Ho avuto occasione di parlare, qualche sera fa, con lui, in uno dei locali fiorentini che tiene le sue porte aperte e le sue luci accese fino a notte inoltrata. Pasquali aveva posato tutto il giorno ed era venuto, così com’è solito, in questo ritrovo per conchiudere in serenità oziosa la sua laboriosissima giornata. Il momento e l’ora (poca gente intorno e un tepore non disprezzabile in queste incipienti brume notturne) mi parvero quanto mai opportuni per interrogare il Pasquali sulla sua passata attività di artista. Così fu che egli, da cortese amico com’è, si mise senz’altro a mia disposizione.

— Prima di tutto — disse — tengo a far sapere che sono « figlio d’arte » e che sono nato a Torino. A vent’anni ero già sui palcoscenici e ho recitato nelle migliori Compagnie drammatiche. Sono stato con Garavaglia, De Santis, Talli, Tina Di Lorenzo, Emma Gramatica e Paladini. Mi trovavo, appunto, con la Di Lorenzo quando Re Riccardi mi propose di posare per il cinematografo. Eravamo nel 1914. La Cines doveva inscenare Christus, quel famosissimo film che ha trionfalmente corso l’Europa e il mondo. Attratto dalla novità, accettai. E fui l’interprete principale del lavoro, diretto dal conte Antamoro. Una parentesi cinematografica: e poi, di nuovo, con la Di Lorenzo. Si giunse fino al 1917. Fui chiamo alle armi. Ritornato dal servizio militare abbandonai definitivamente il teatro, e prima alla Medusa del Senatore Di Bugnano, e poi alla Tiber dell’avv. Mecheri, ripresi l’interrotta carriera cinematografica. Alla Medusa, sotto la direzione di Carmine Gallone e a fianco di Diana Karenne, interpretai Redenzione, e alla Tiber — direttore Gennaro Righelli, e con la Karenne — Peccatrice casta e Sleyma.

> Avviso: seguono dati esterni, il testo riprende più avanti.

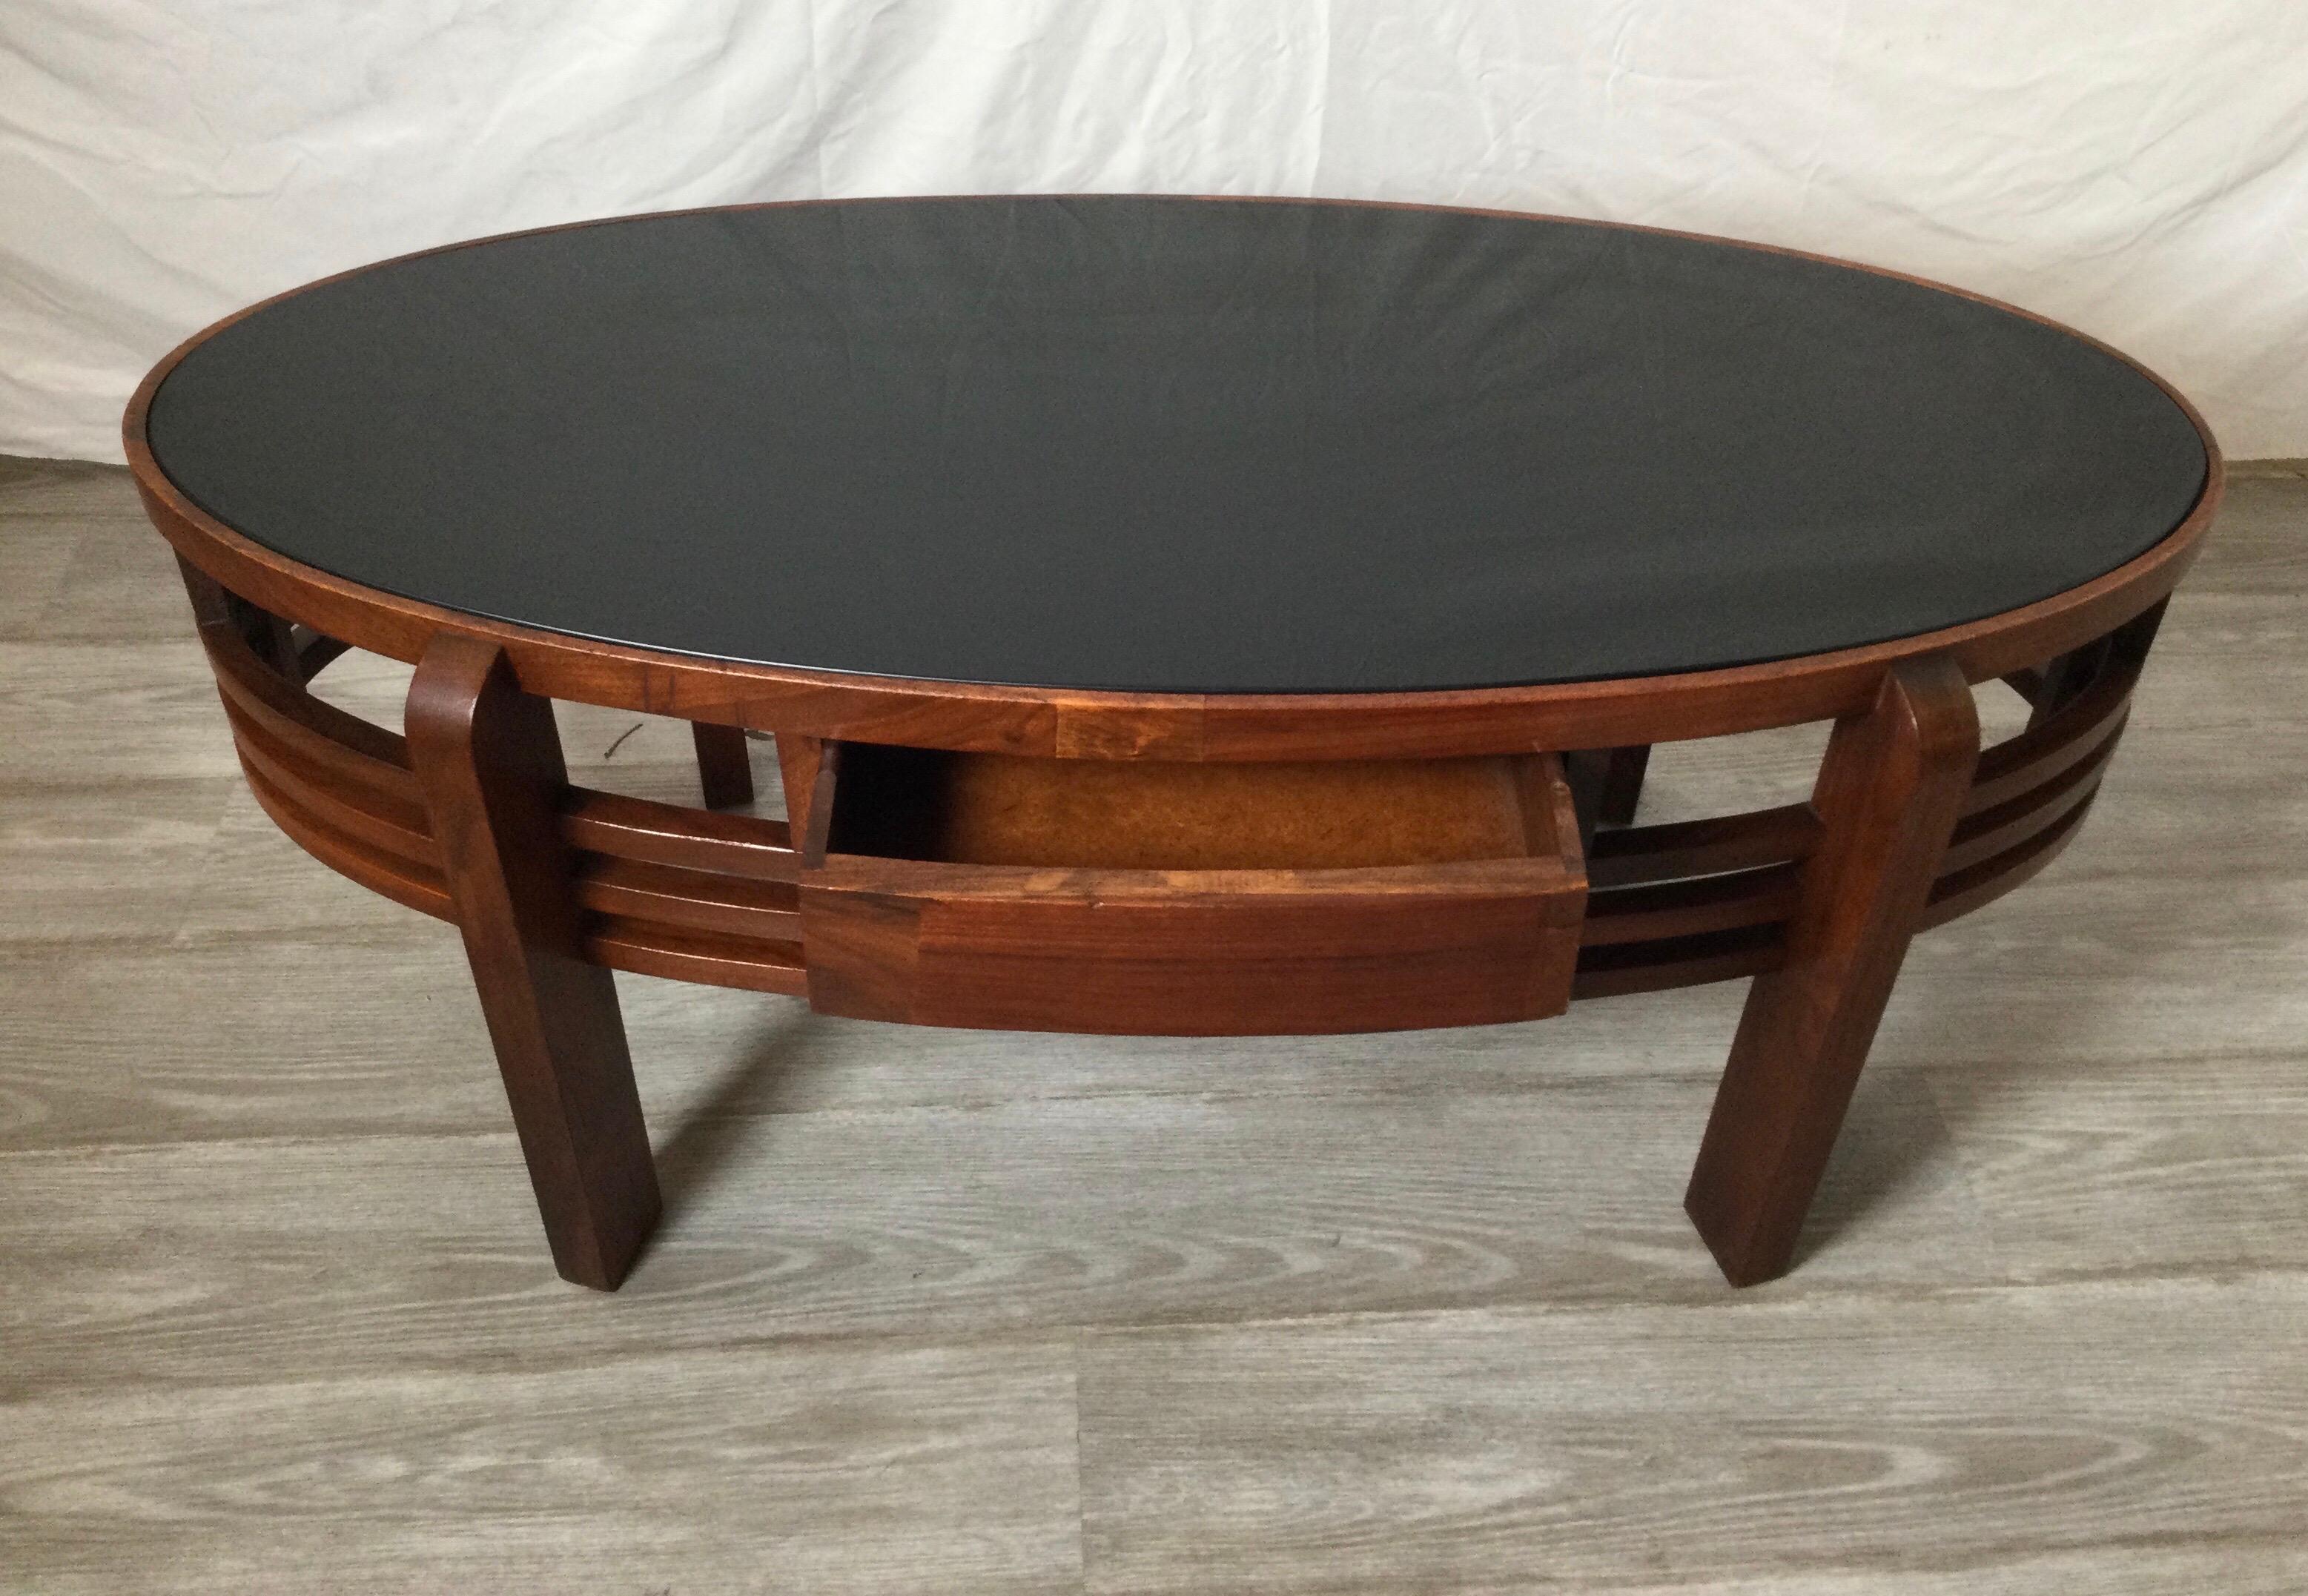 American Mid 20th Century Oval Walnut Cocktail Table with Black Glass Top

— Quando andaste a Torino?

— Subito dopo. Ai primi del 1919. Augusto Genina  mi scritturò per un film, I due crocefissi, di De Stefani, di cui era protagonista Italia Almirante Manzini, che si ebbe, come saprete, un grande successo di critica: appunto per l’originalità e la nobiltà del contenuto drammatico e per la realizzazione cinematografica di Genina che, colgo l’occasione per dirlo, io considero un direttore di superiore talento. Questo film fu eseguito alla Photodrama, donde uscii per andare all’Itala col compianto Giorgio Lacroix a recitare in Appassionatamente. Prima attrice fu Suzie Prim. Poi Genina mi rivolle con sé alla Photodrama e con lui feci due altri films: La donna e il cadavere e La ruota del vizio.

— Tempi di lavorazione intensa, quelli.

— E di buona produzione. Ma io ho fede che potremo riconquistare il tempo e la fortuna perduti. Ne convenite?

— Non combatterei anch’io, caro Pasquali, la mia parte di battaglia, se non fossi convinto che la Cinematografia è degna di rinascere e rinascerà. Solamente bisognerà dimenticare tutti i sistemi deleteri ed errati del passato. Bisogna evitare che nella nostra industria riprendano il sopravvento il divismo e gli incompetenti. Ma ditemi, piuttosto, ancora della vostra attività.

— Dopo aver lavorato con Genina, passai alla Fert di Enrico Fiori. Qui, sotto la direzione di Pier Angelo Mazzolotti, interpretai Il fango e le stelle, insieme con Italia Almirante Manzini e Franz Sala. Poi andai all’Ambrosio, dove Gabriellino D’Annunzio mi affidò una parte importante in Le smorfie di Pulcinella, e il povero Ermanno Geymonat un’altra parte del suo film Amore in fuga. Nella casa Ambrosio rimasi circa un anno finché, dopo una breve permanenza alla Rodolfi per interpretare Le campane di San Lucio, di Forzano, con Mercedes Brignone (questo soggetto ottenne un successo notevolissimo) fui assunto dall’Alba Film di recente costituita, e recitai, con l’indimenticabile Amleto Novelli, I due Foscari. Da allora, più nulla.  Sopravvenne la crisi. Anch’io, come tanti altri, rimasi inoperoso. Oggi sono qui alla I. C. S. A. per il Frate Francesco.

— E poi?

— Caro Lega, gli antichi dicevano che il destino è sulle ginocchia di Giove. Il nostro destino non è precisamente sulle ginocchia di Giove, ma piuttosto dipende dai nostri industriali. E staremo a vedere. Per intanto, lavoro. Questo è tutto quello che posso dirvi.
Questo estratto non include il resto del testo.